Sideload over your existing v0.1.x — your keys and selected model are preserved on-device.

Pocket Pi v0.1.1 (POC)

11 May 13:37

Choose a tag to compare

Fixes

  • Chat now actually replies. Pi 0.74 reads defaultProvider/defaultModel from settings.json — without them the agent had nothing to call, so sending a message looked like it did nothing. v0.1.1 ships a first-run default (NVIDIA Qwen3 Coder 480B) and an in-app picker so anyone can switch.
  • Active model picker in the Config sheet (⚙ icon): provider chips + per-model rows + "Use this model" button.
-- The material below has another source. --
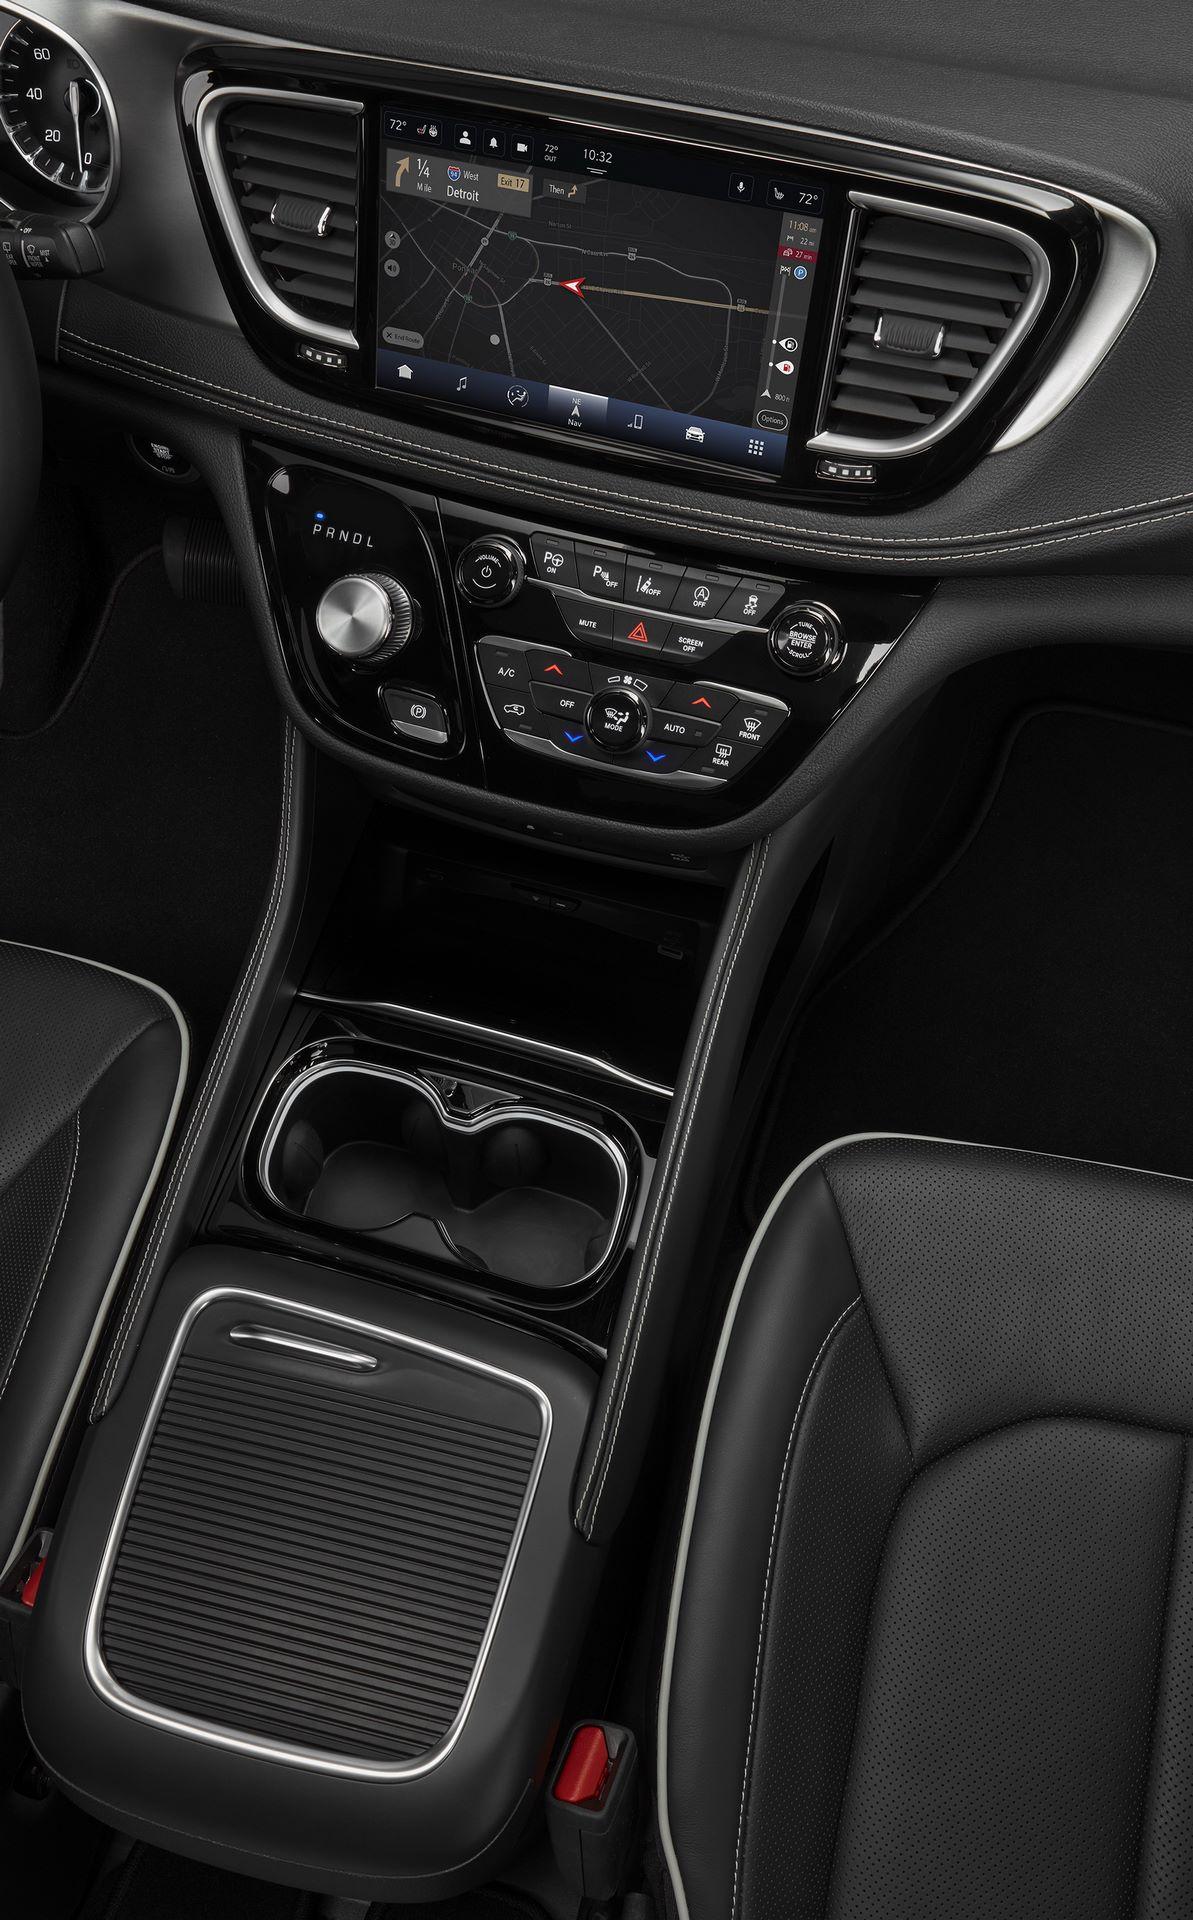 2021-Chrysler-Pacifica-140

Reads what's available from models.json; writes the active selection to settings.json and restarts Pi.
  • Saving an API key now also seeds the active model if none is set yet, so the "save key + send hi" flow works on a fresh install.

Install

Sideload the APK below. If you already have v0.1.0, just install over it — your keys and configs are preserved. After install, open the app and tap ⚙ to pick a model.

Pocket Pi v0.1.0 (POC)

11 May 12:11

Choose a tag to compare

First POC build for team testing.

Install

  1. Download pocket-pi-v0.1.0.apk below.
  2. Sideload on an aarch64 Android phone (adb install pocket-pi-v0.1.0.apk, or tap the file on the device after enabling install-from-unknown-sources).
  3. Open the app. First launch takes 3–5 min on Wi-Fi (bootstrap + npm install).
  4. Once you see "Send a message to your Pi agent", tap the at the top right.
  5. Paste at least one API key (NVIDIA NIM is free at https://build.nvidia.com/, OpenRouter / OpenAI / Anthropic / Groq also wired up).
  6. Tap Save keysRestart Pi.
  7. If any extensions are missing, tap Re-run setup (idempotent, safe).

Status

  • ✓ All 8 Pi extensions register, 17 tools online
  • ✓ NVIDIA NIM + OpenRouter tested end-to-end
  • ✓ Recovery UI if pi-webserver doesn't bind within 15s

Known limitations

  • Slash commands (/session, /clear, /model, …) currently fall through to the LLM as plain text — planned for the next iteration.
  • Chat history doesn't persist across tab switches yet.
  • applicationId is still com.termux (requires a custom bootstrap rebuild to change).
  • A cosmetic ghost-icon row may render at the top of the chat on some Android WebView builds.

Feedback wanted

Whether to keep iterating on this Termux-fork-in-an-APK approach or rewrite as a proper native Android client that talks to Pi over the network — that's what this POC is meant to inform.